Приглашение в зенит | страница 23



— Все надо узнать. И главное — то, о чем мы спорили на симпозиуме: вперед или на месте? Ощущают они простор впереди или же глухую стену? Моря наливают и осушают или лелеют садочки и заливчики, тишину оберегают для удильщиков?

И тут он спросил в упор:

— А вы сами отправитесь узнавать? Если там, под камнем, спрятан космический корабль, не корабль, лифт какой‑то межзвездный, вы подниметесь на том лифте в зенит?

— Ну, я полетел бы с удовольствием, но едва ли меня сочтут достойным. Подыщут более подходящего, молодого, крепкого, натренированного, лучше подготовленного физически и технически, астронома какого‑нибудь или социолога.

— А если нет времени подыскивать? Если надо решиться сегодня?

Я ужаснулся:

— Только не сегодня. Подумать надо. Столько дел!

Почему я ужаснулся, собственно говоря, почему принял вопрос всерьез? Видимо, уже воспринимал Граве как человека с сюрпризами. Пришел скромником: “Ах, я восхищенный читатель, ах, прошу у вас совета…” А потом вытащил свою астрограмму, послание звезд.

Может, он и у того камня уже побывал, знает, что там найдется, что там спрятано и сколько надо вылить йода в ухо. Потому и вопрос ставит ребром: “Сегодня готовы лететь к звездам?”

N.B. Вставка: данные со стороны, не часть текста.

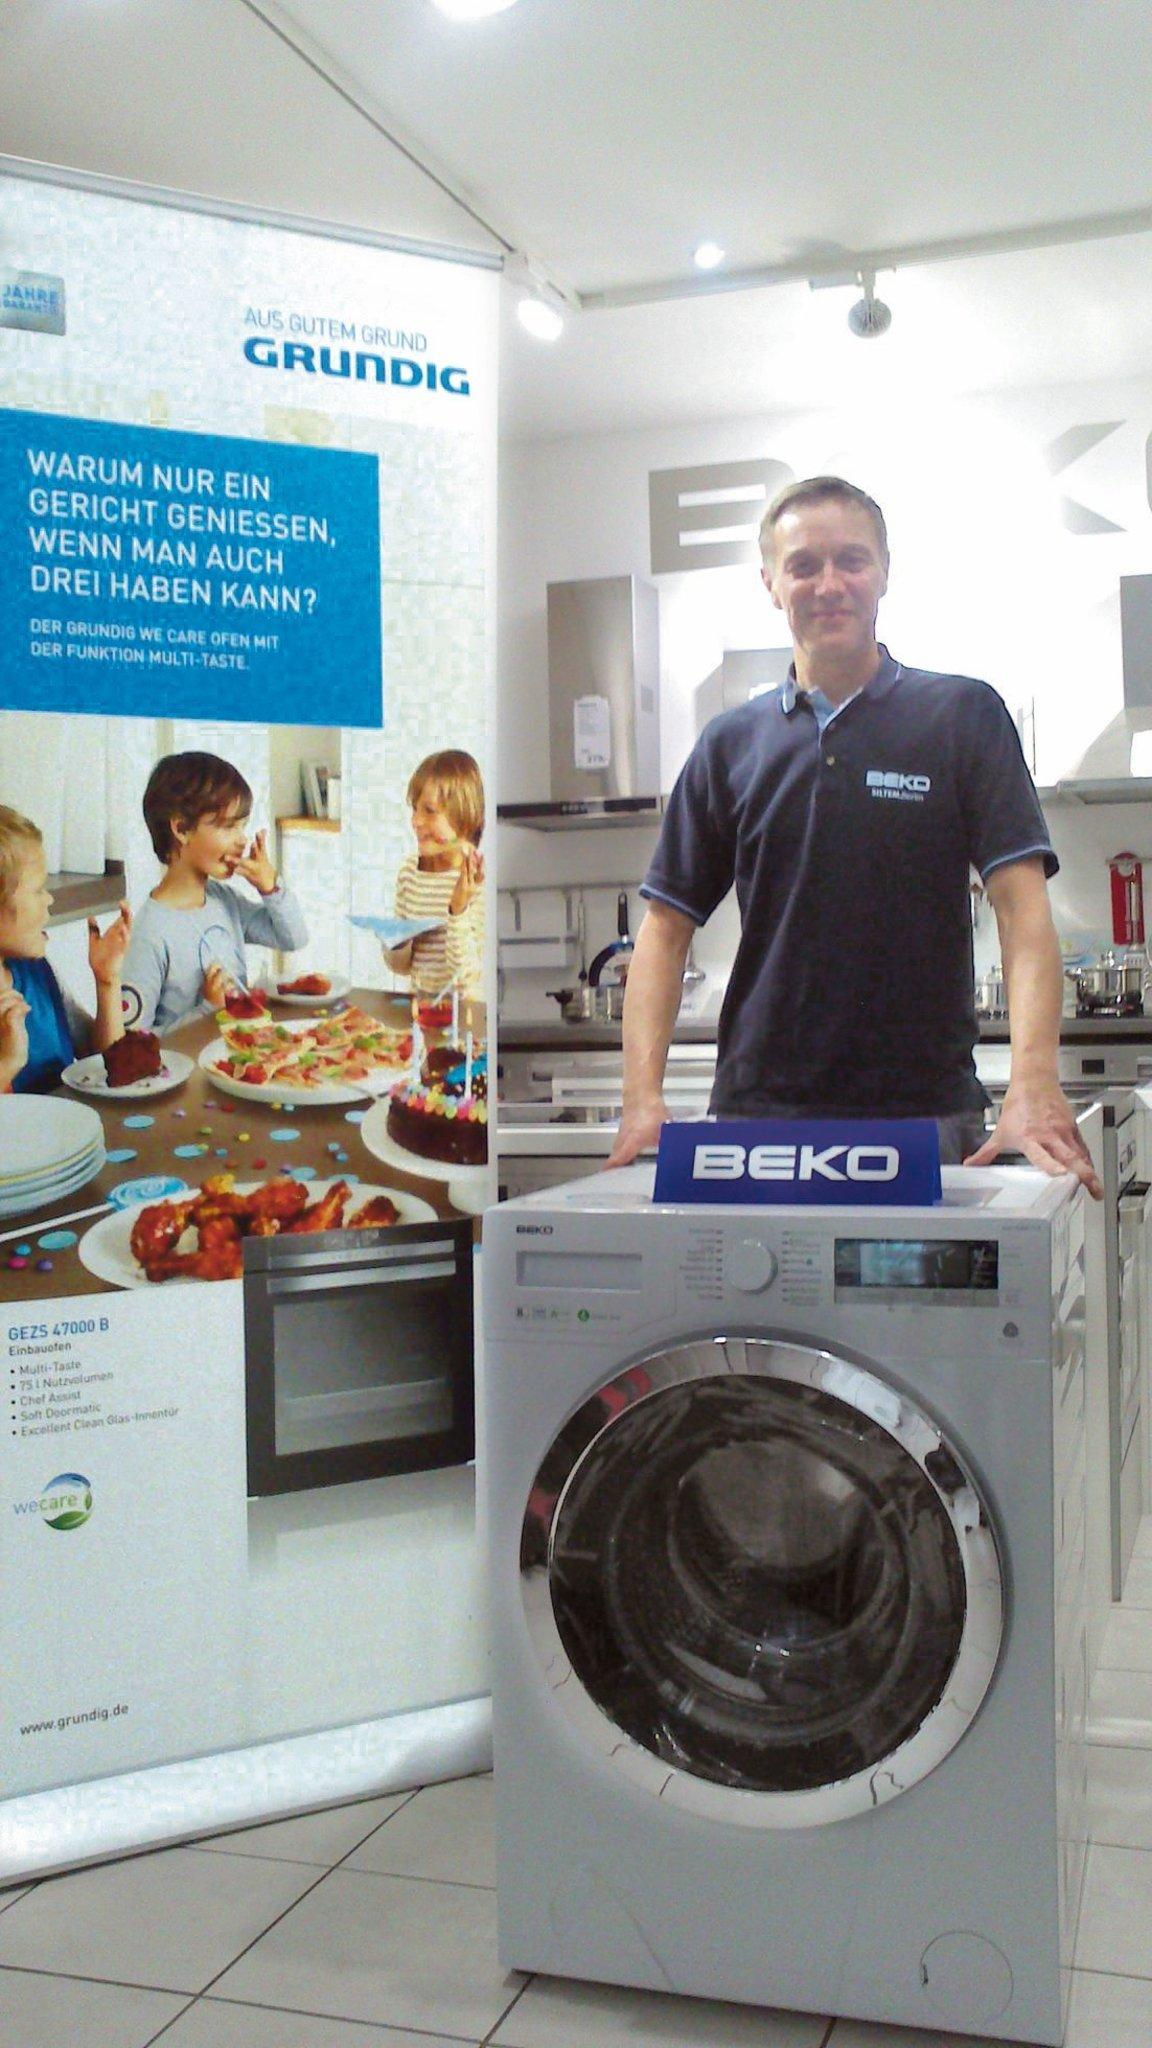 Worauf man beim Gebrauch einer Waschmaschine achten muss - Kreuzberg

Бывает так в жизни. Все время твердишь: “Ах, надоело все, устал, хочу в Африку, хочу на полюс, на край света”. И вдруг предложение: “Сегодня полетите в Новую Зеландию?”

— Что вы, что вы, дела, обязанности…

Но какие обязанности, в сущности? Редакционные? Гранки в “Мире”, верстка в “Мысли”, договор с “Молодой гвардией”. Обойдутся. Сказал же Физик, что у меня нет воображения, а Лирик — что не хватает тепла. Найдут других, более тепло воображающих. Нет у нас незаменимых.

Семейный долг? Круглолицая жена, круглощекий сын? Как‑то он вырастет без меня, любитель солдатиков и паровозиков? Но почему не вырастет? Жена говорит, что я никудышный воспитатель, только потакаю, задариваю ребенка игрушками. Воспитает.

Так что же меня удерживает? Страх за собственную жизнь? Полно, мне‑то чего бояться? Прожито две трети, а то и три четверти. Впереди самое безрадостное: “не жизнь, а дожитие”, говоря словами Андрея Платонова. Ну так обойдется без дожития.

— Решусь, — сказал я громко. Так громко, что кондукторша посмотрела с удивлением.

Мы не закончили эту тему потому, что трамвай дошел до конца (“до кольца” — говорят в Ленинграде). Крупноблочные коробки остались за спиной, даже асфальт отвернул в сторону, перед нами тянулась полоса мокрой глины, окаймленная линялыми заборами. Сейчас, в межсезонье, все калитки были заперты, все окна заколочены. Ни единой души мы не встретили на пути к парку.